Mthuli Says He Ready To Compensate White Commercial Farmers
Zimbabwe has made significant progress in its efforts to compensate white former farmers with valuations having been carried out for nine of the 10 provinces.
Government is of the view that dealing with the twin issues of farmer compensations and 99-year leases simultaneously is critical for the country to be able to securitise its land assets.
Finance and Economic Development Minister Mthuli Ncube told a breakfast meeting to review the 2019 Monetary Policy Statement that he was currently seized with the issue of compensating white former commercial farmers, describing the issue as “a bigger elephant in the room.”
“I must say that is an issue that I am currently seized with and I am very pleased to say that we as Government have made a lot of progress,” said Minister Ncube.
“First of all, the farmers themselves have made a lot of progress as they now have a figure of what they want to be compensated for improvements. And on our side as Government we have done valuations for nine provinces and we know the values of the improvements and we are using the same methodology. So we have covered nine provinces and what’s left is Mashonaland East, which we have run up to around 70 percent. We should be able to conclude the evaluations by end of March.
Section 295(1) of the Constitution stipulates that compensation for acquired agricultural land will be by done by the State.
And in the 2019 National Budget, Minister Ncube set aside US$53 million towards compensation for farmers displaced following the land reform programme.
He, however, admitted that Zimbabwe does not have the capacity to finance the compensation bill which runs into billions of dollars and the US$53 million was just to show commitment to this obligation. “In the agricultural sector we have created a dead asset in the form of land, and we need to turn it into a productive asset. It has two sources of value, there is intrinsic value of the asset itself and then there is the productive value in terms of what you plant.
“One of the issues that needs to be dealt with is the issue of 99-year leases, there are still some work to do to close that off. That needs to be sorted because without 99-year leases we can’t create enough cover in terms of property rights for banks to extend credit to farmers on the back of the 99-year leases,” said the Finance Minister.
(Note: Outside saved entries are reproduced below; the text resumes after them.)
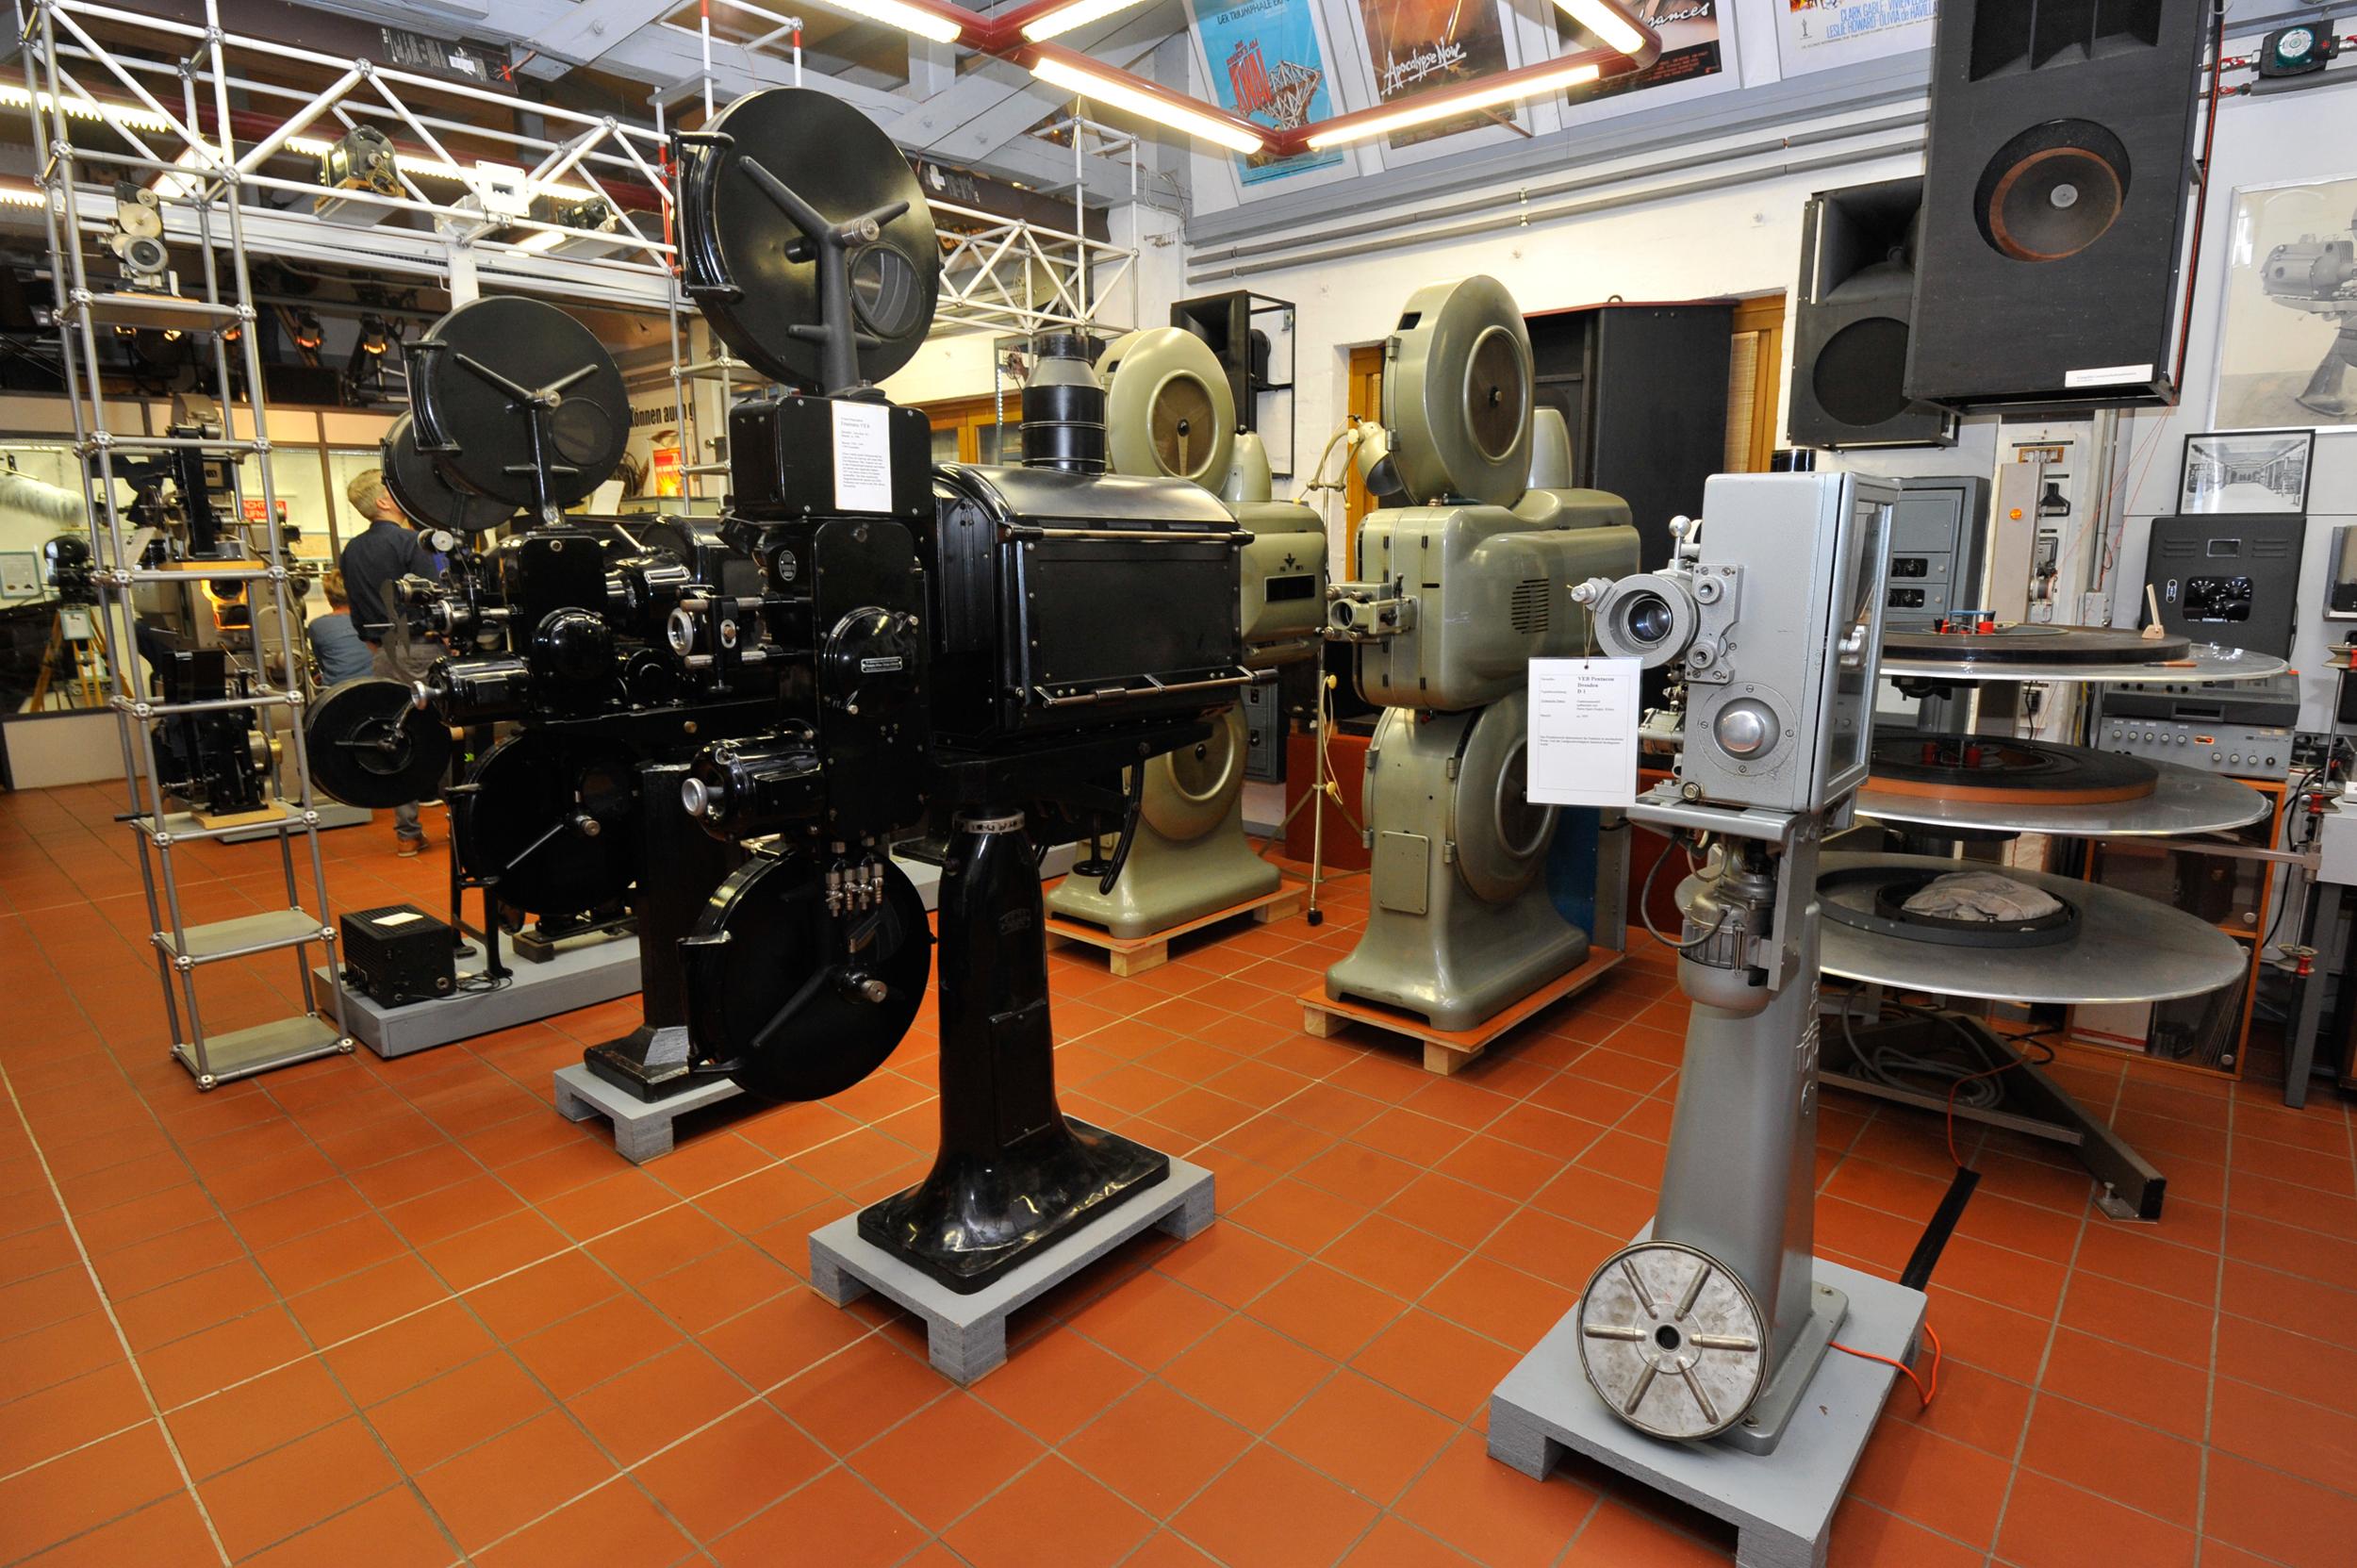 Kinogeschichte im Kinomuseum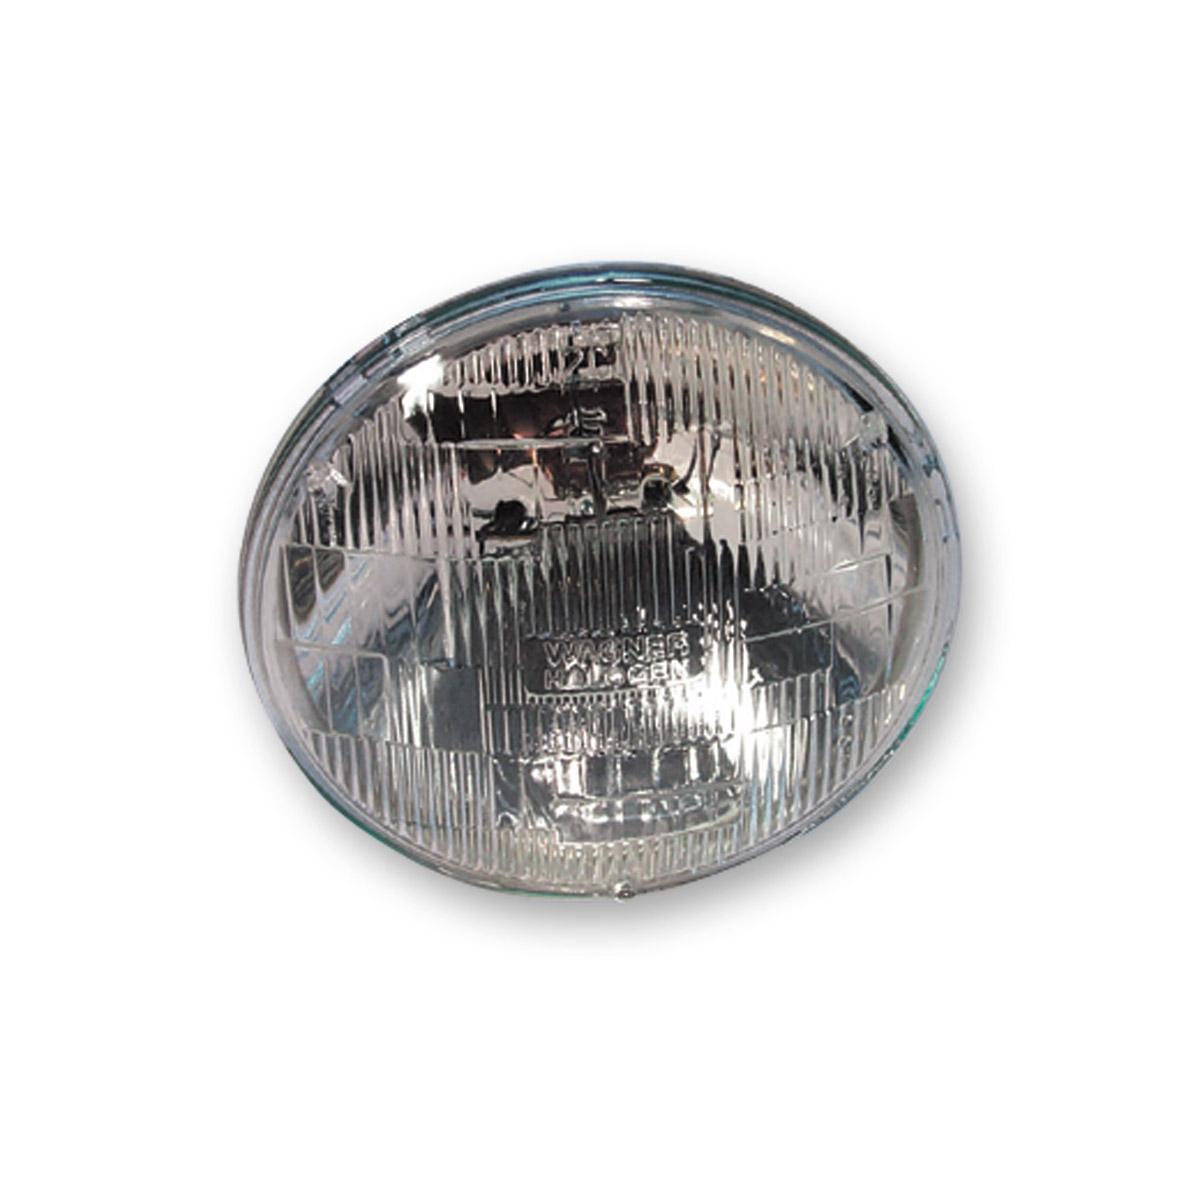 J&P Cycles® 5-3/4″ 12 Volt Replacement Headlight Bulb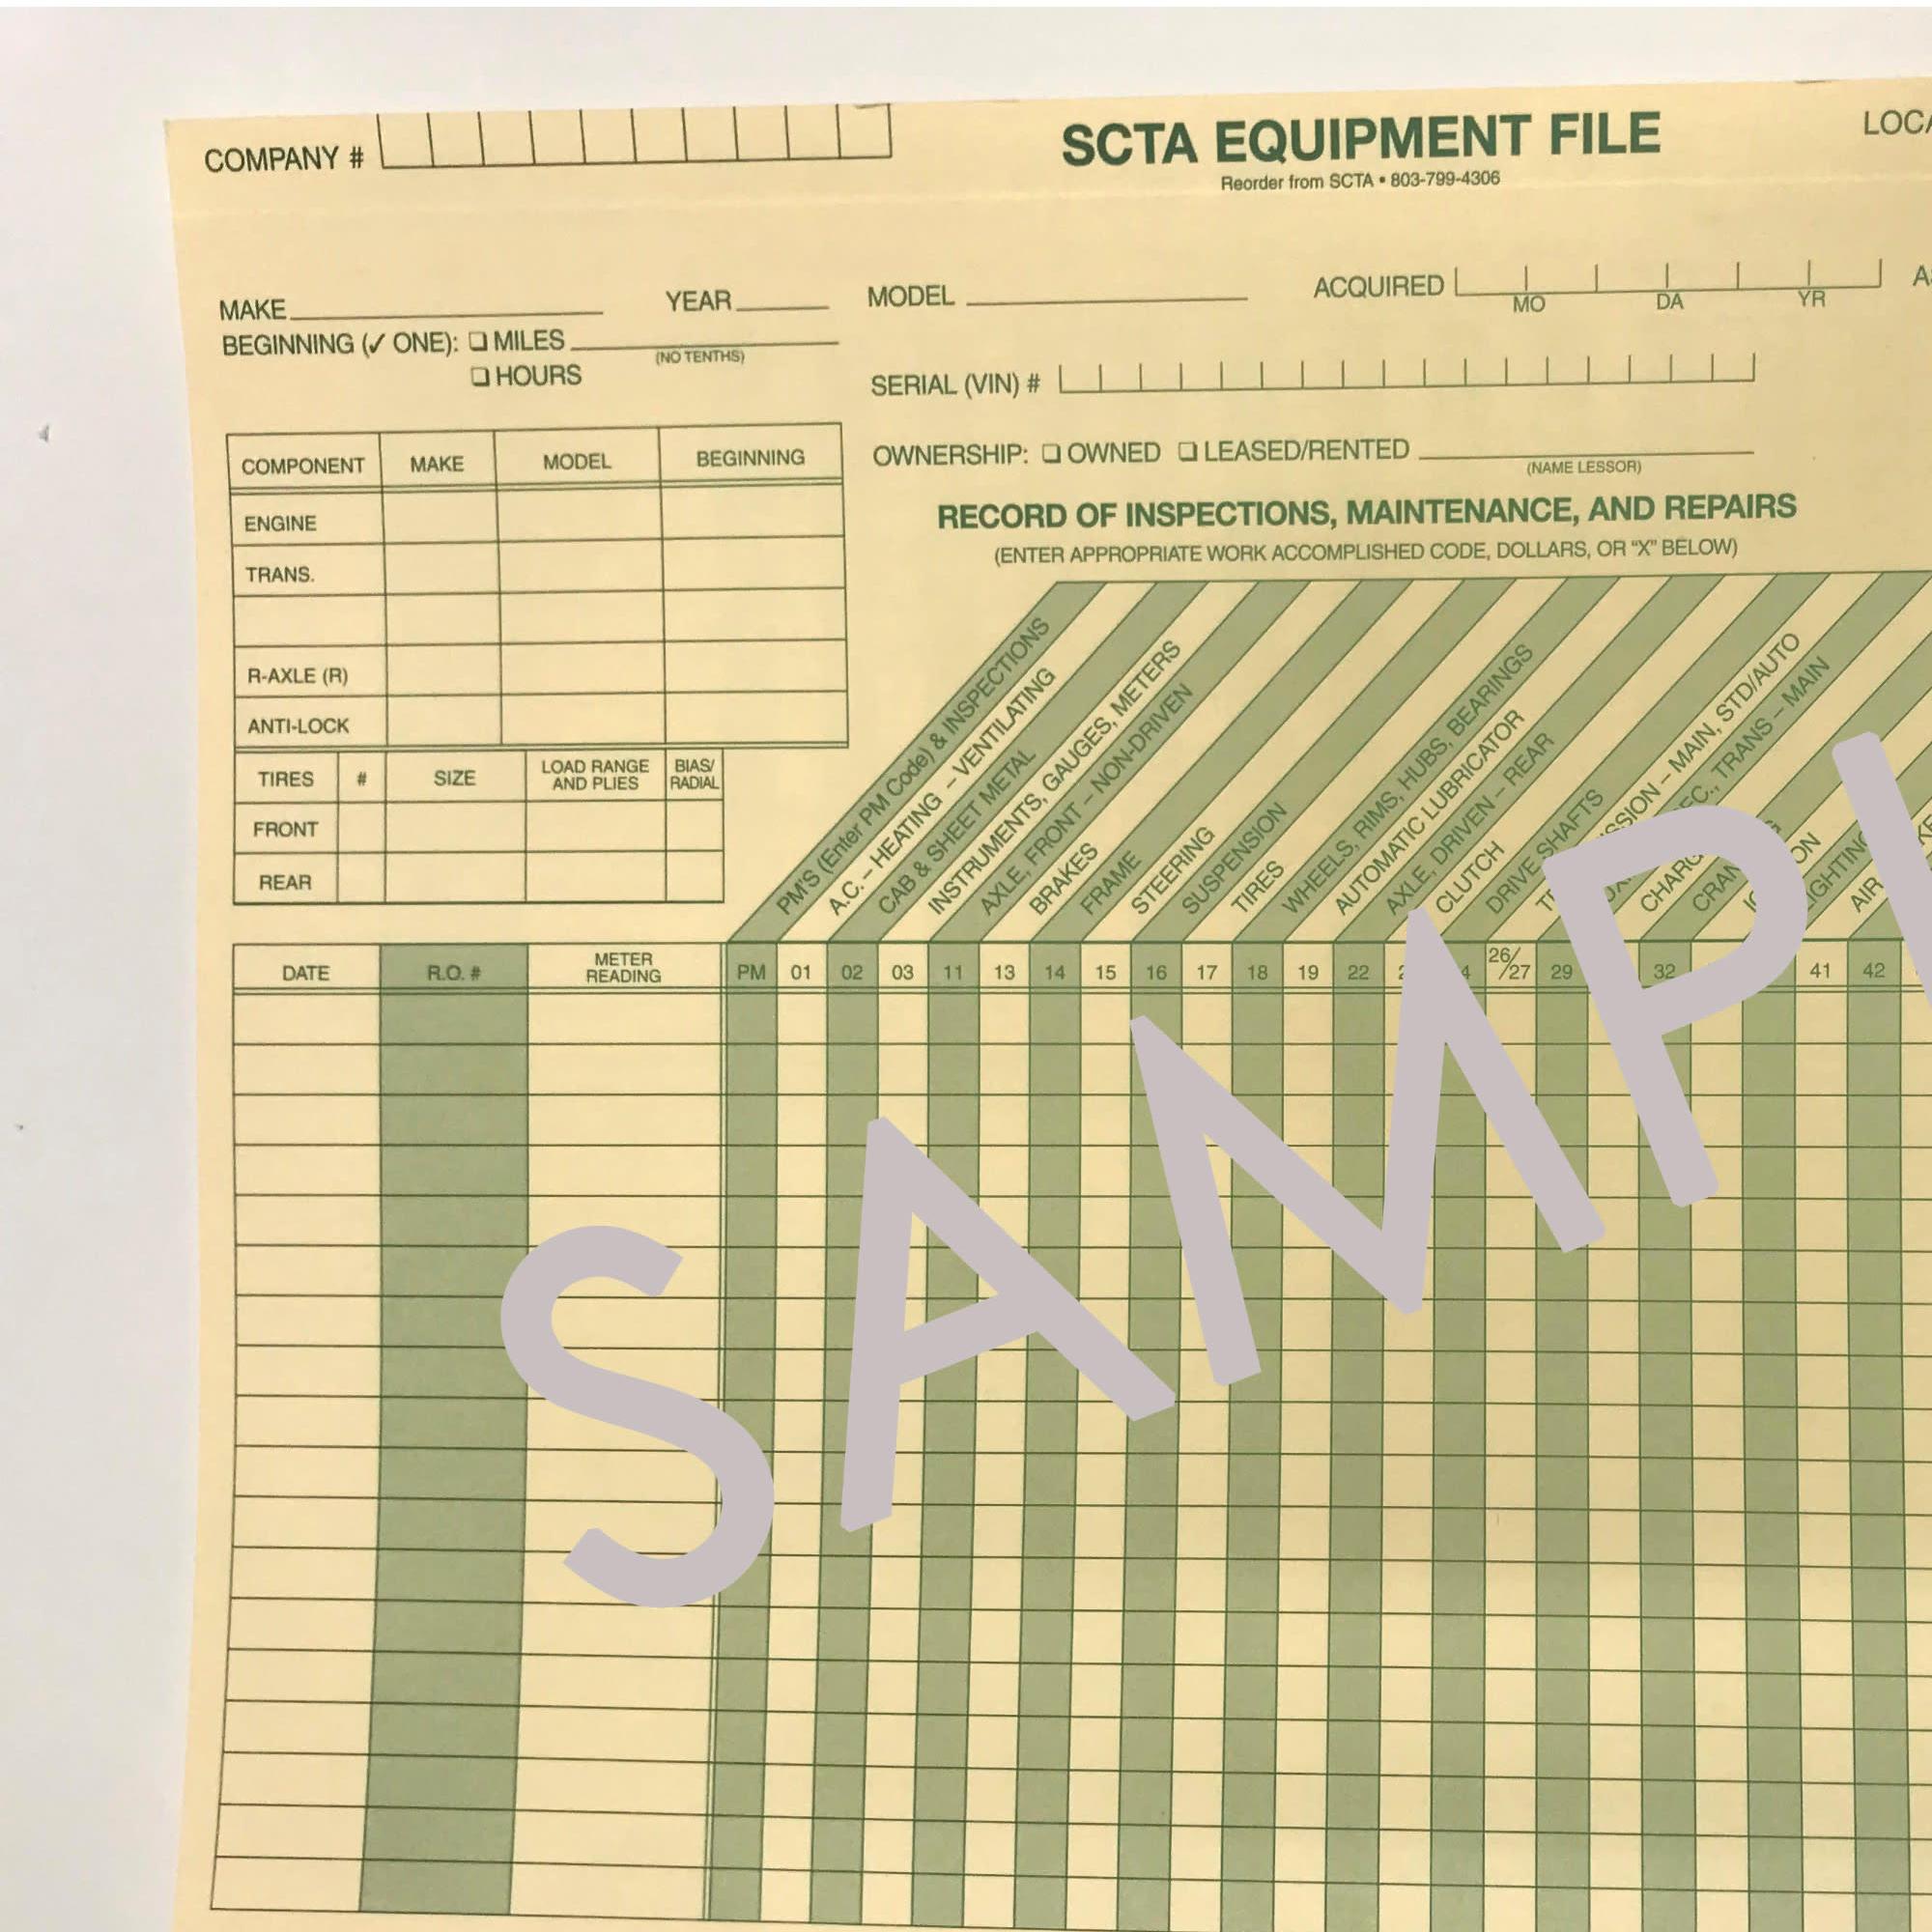 Equipment File

All things being equal, the new 99-year leases should have the same tradeability as previous title deeds for commercial farms, which will allow them to be negotiable on the land market.
Although the Government has since announced significant improvements on the 99-year leases to enhance the security of tenure of the lease and making it bankable and transferable, their use appears to have been hindered by the lack of an effective land market, which will ensure that banks can easily trade the title deeds to recover loans in case of defaults.